- COLLECTED DATA
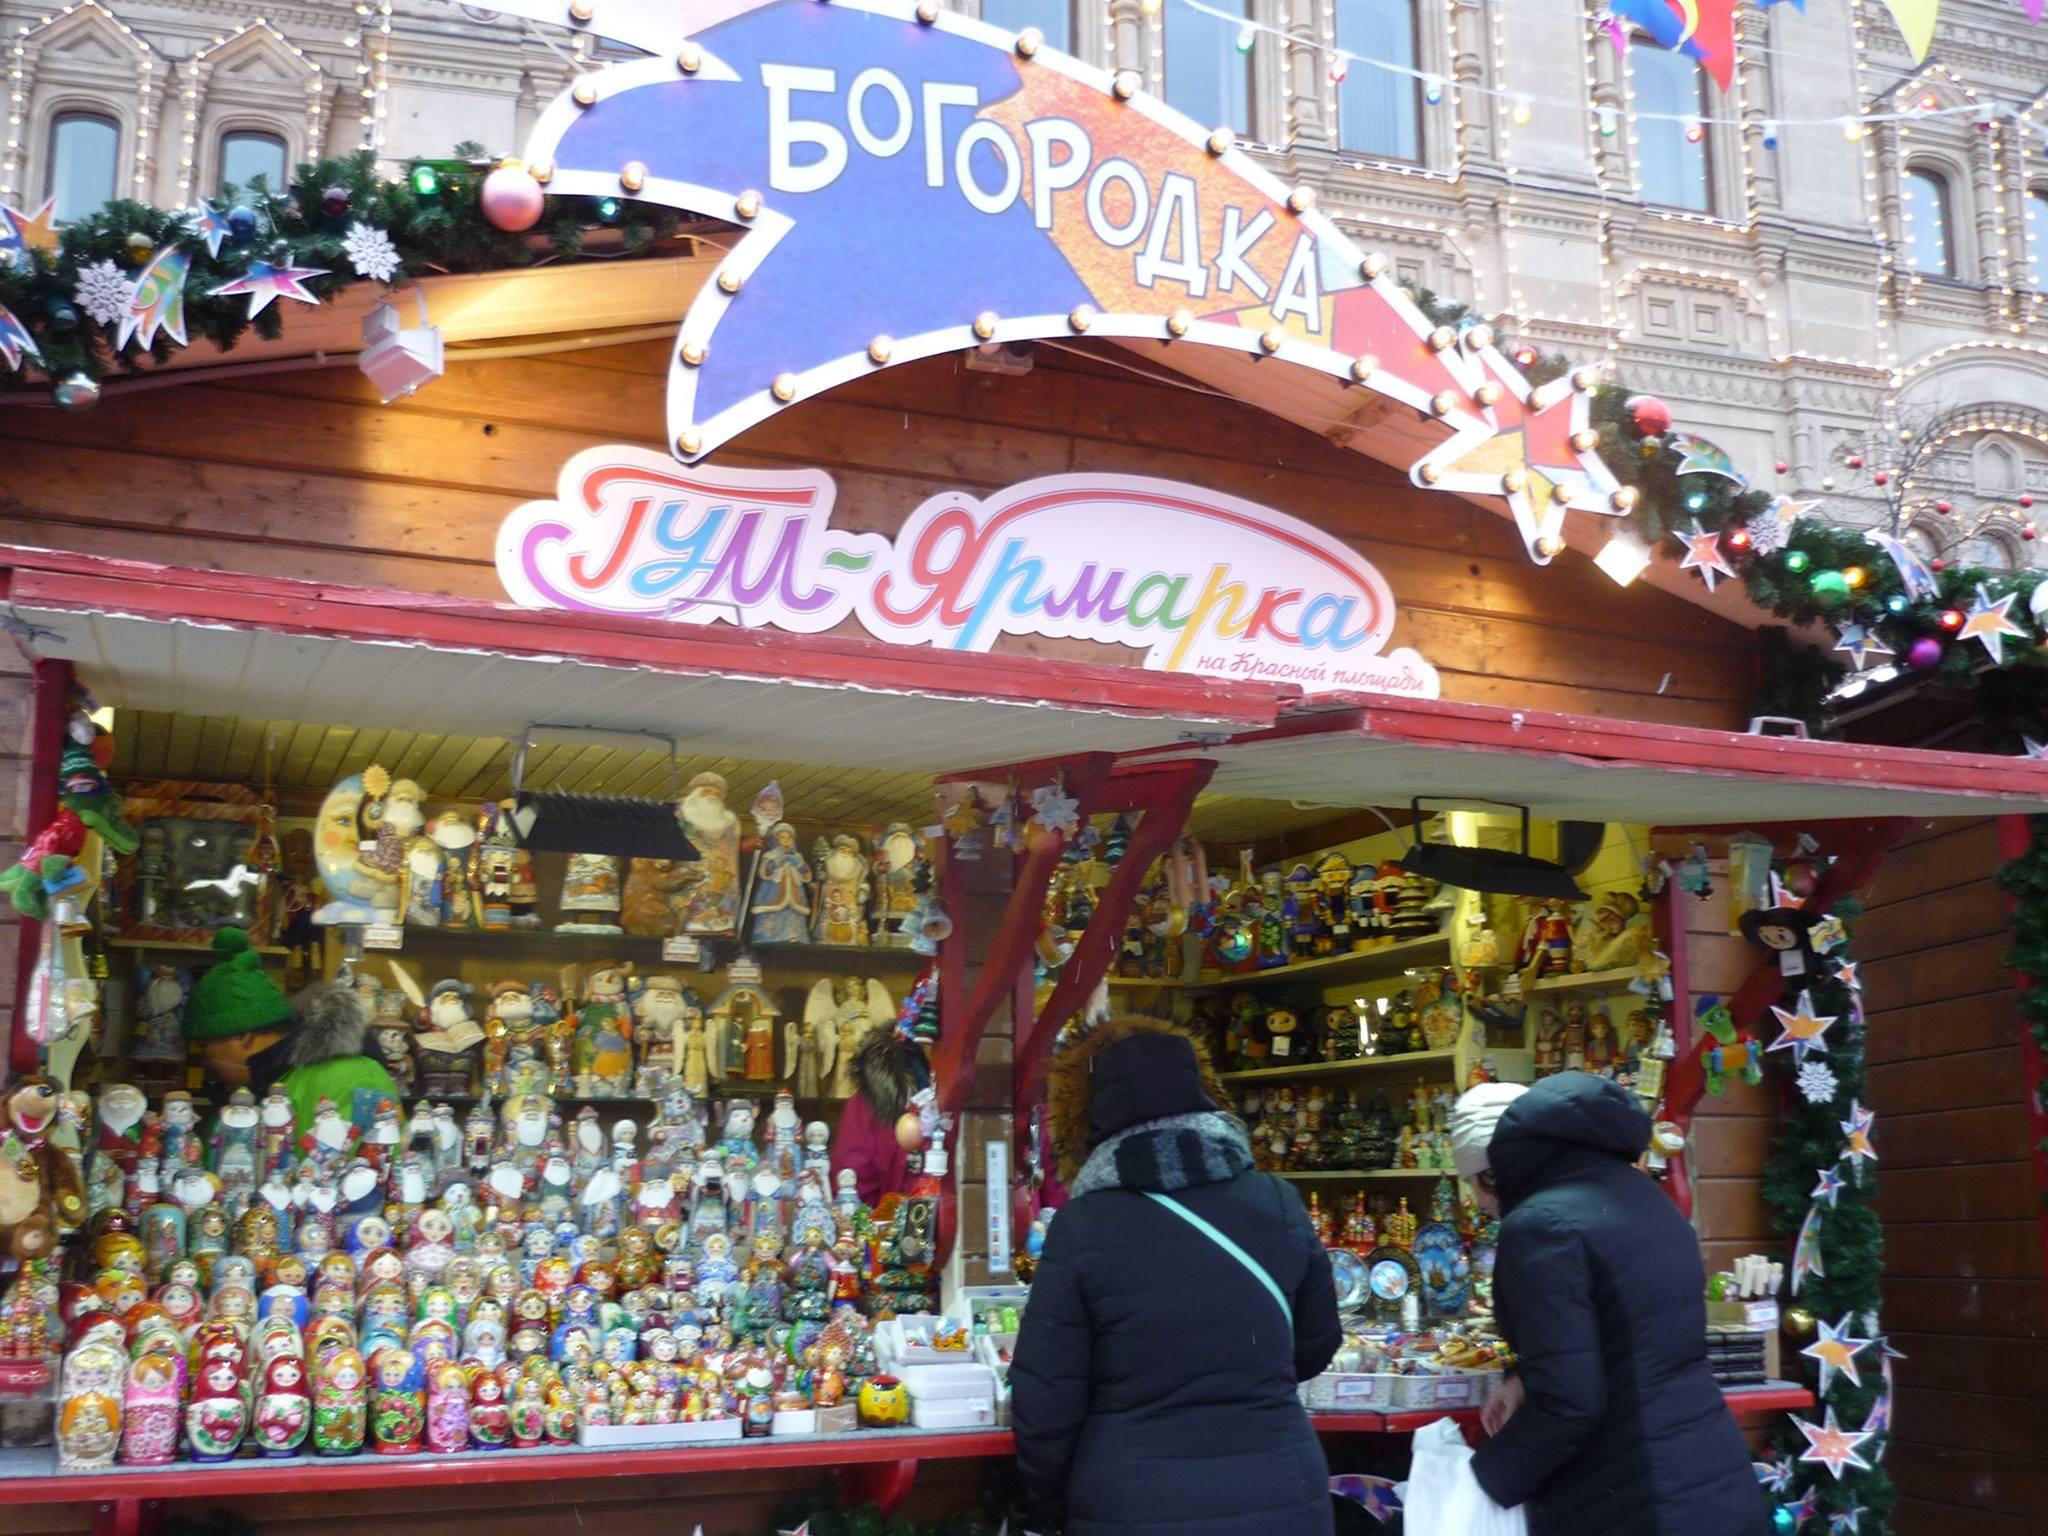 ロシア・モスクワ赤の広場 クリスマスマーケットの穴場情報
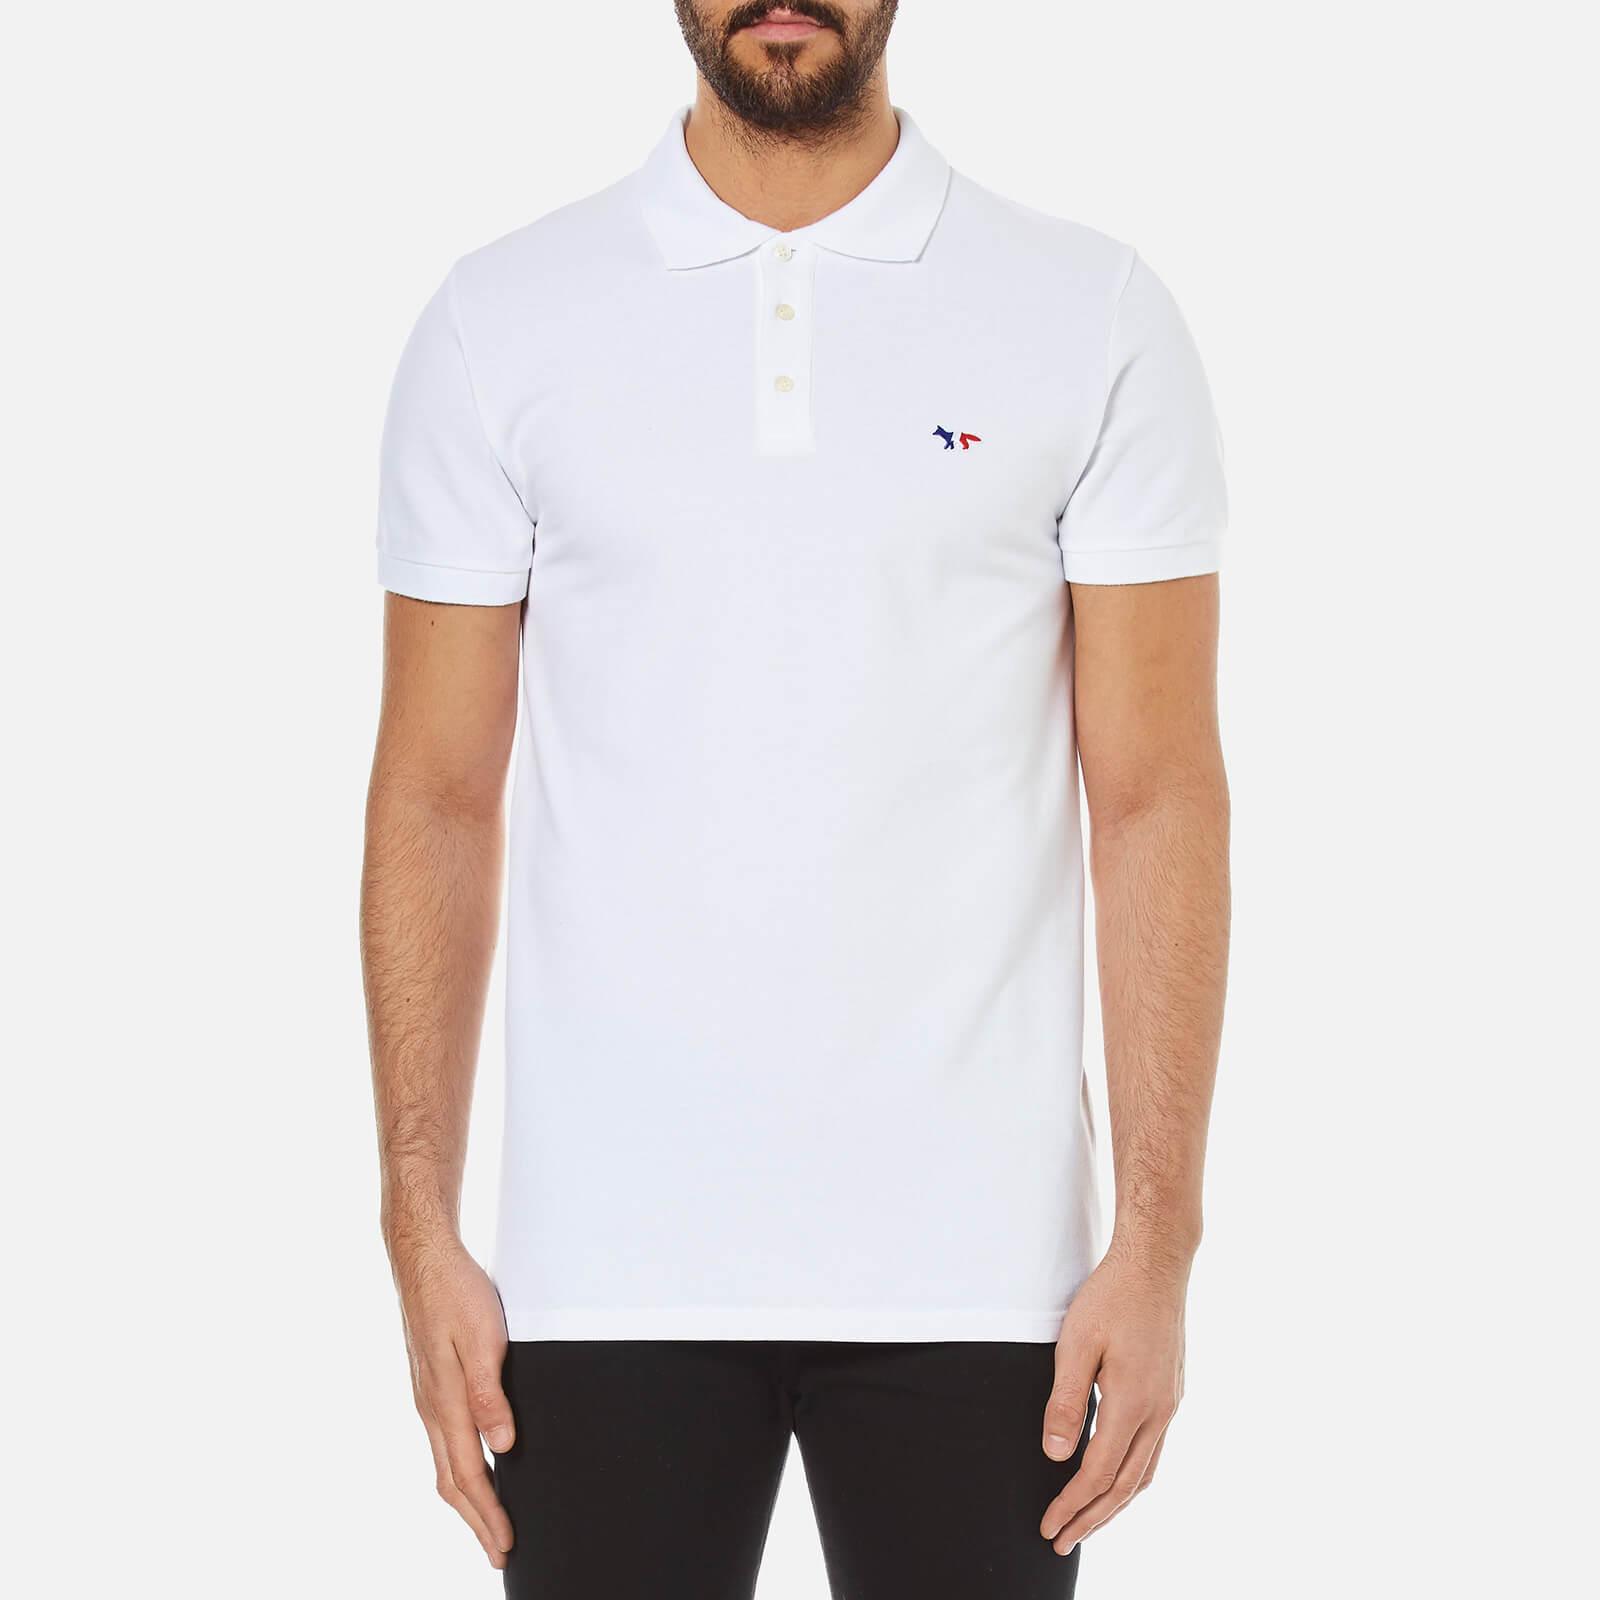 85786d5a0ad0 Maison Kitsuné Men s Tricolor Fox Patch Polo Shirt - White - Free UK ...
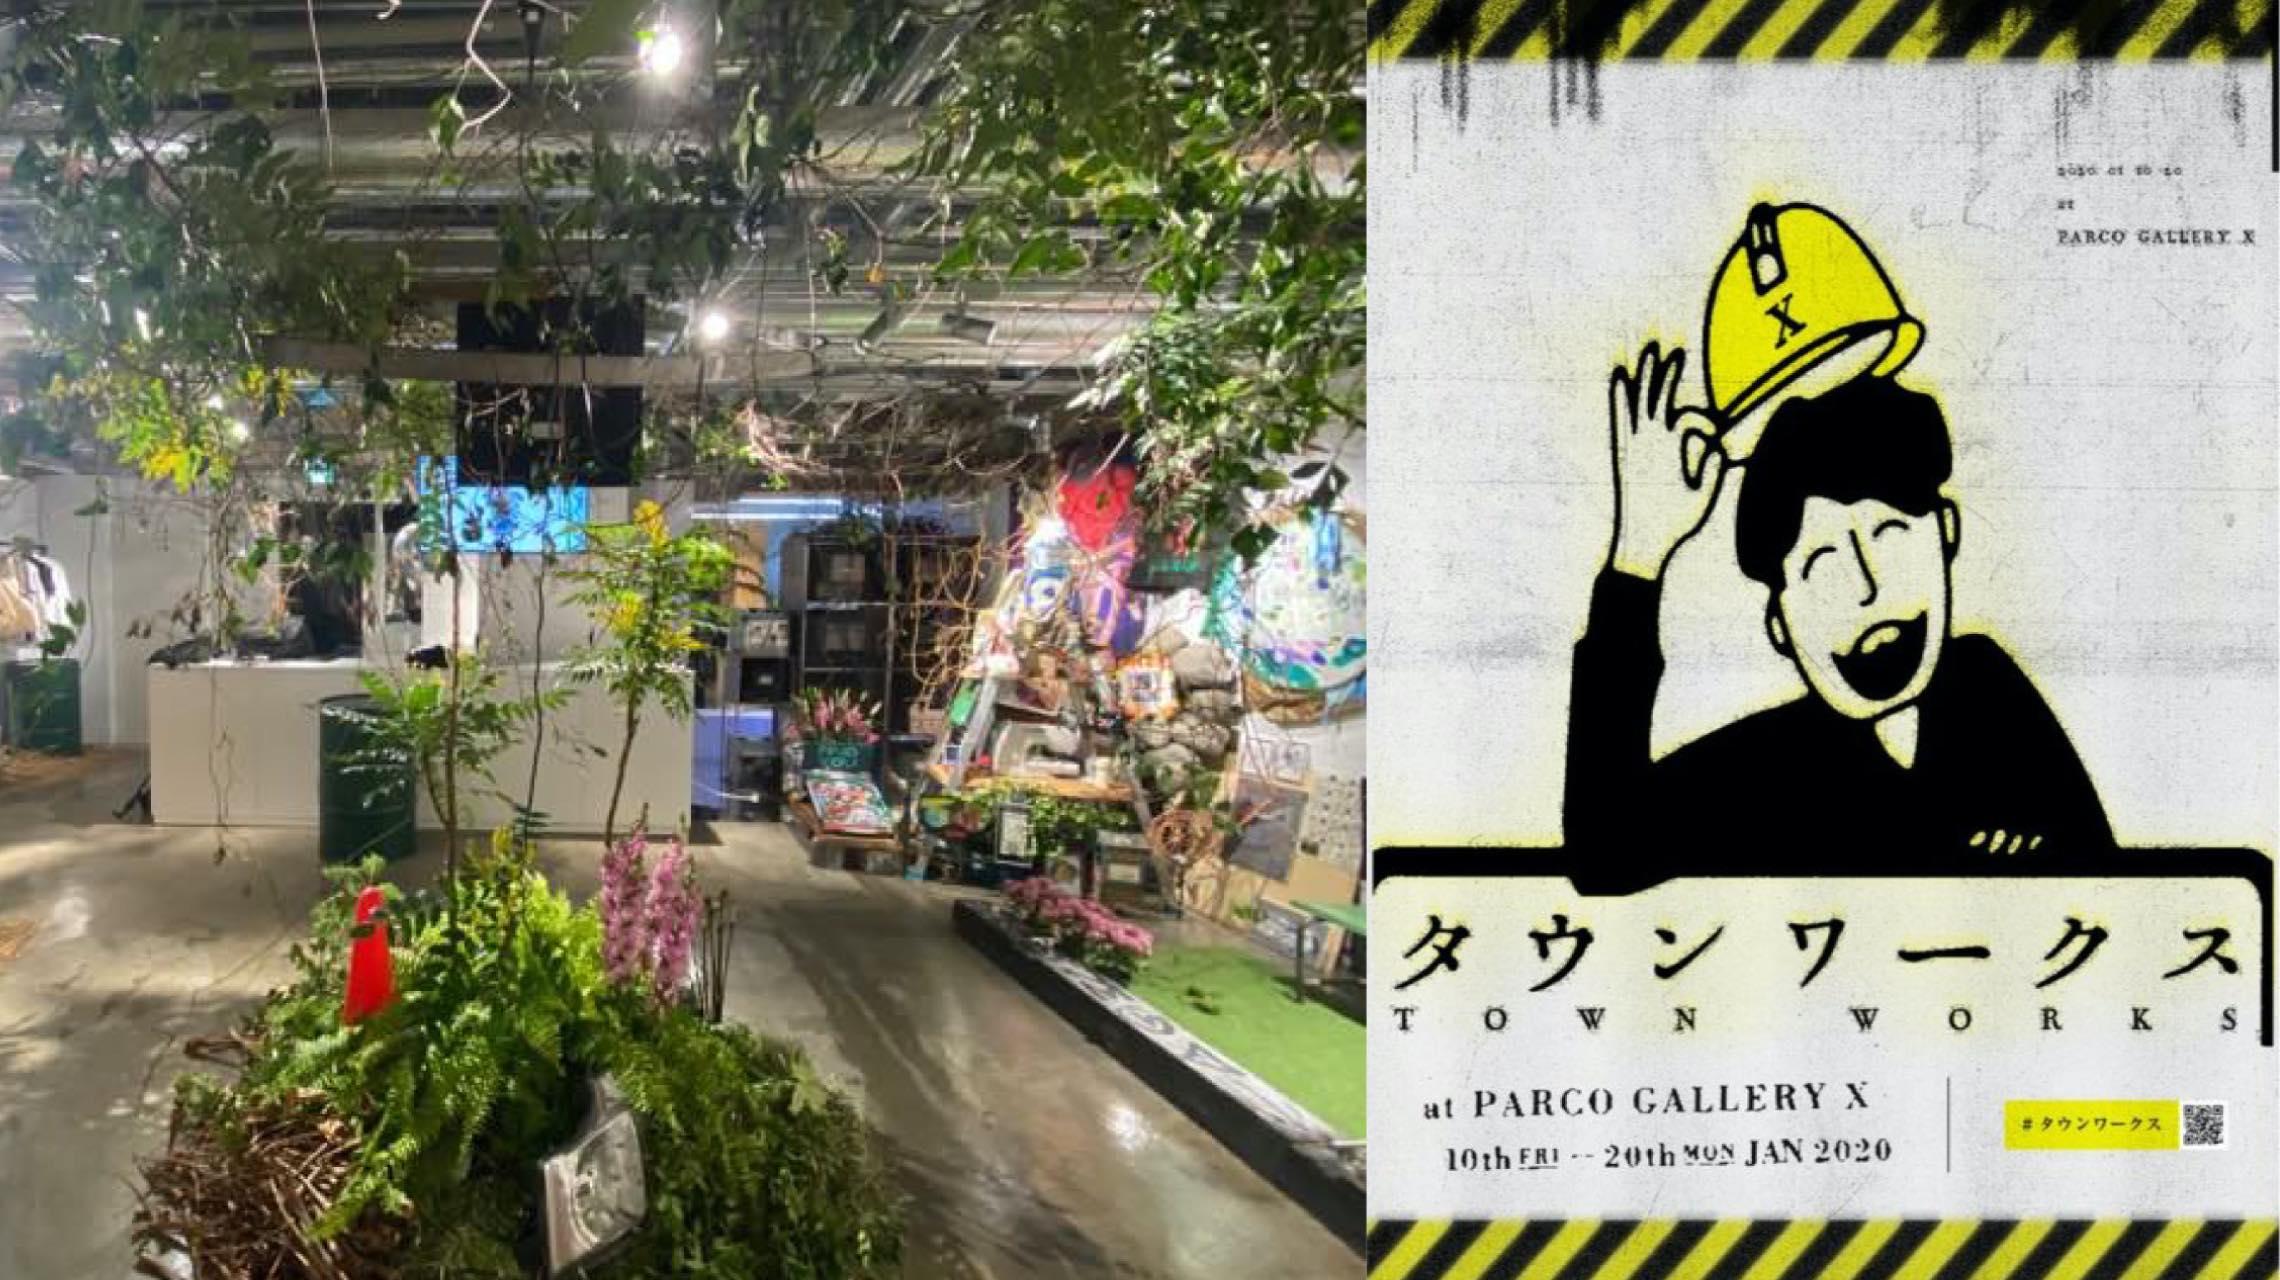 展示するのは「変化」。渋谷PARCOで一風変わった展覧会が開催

- WORK ORDER
Your output should be the lines from the line containing "85786d5a0ad0 Maison Kitsuné" through the last line of the listing above, restated exactly, with no pictures among them.

- OUTPUT OF THE EXERCISE
 85786d5a0ad0 Maison Kitsuné Men s Tricolor Fox Patch Polo Shirt - White - Free UK ...
 展示するのは「変化」。渋谷PARCOで一風変わった展覧会が開催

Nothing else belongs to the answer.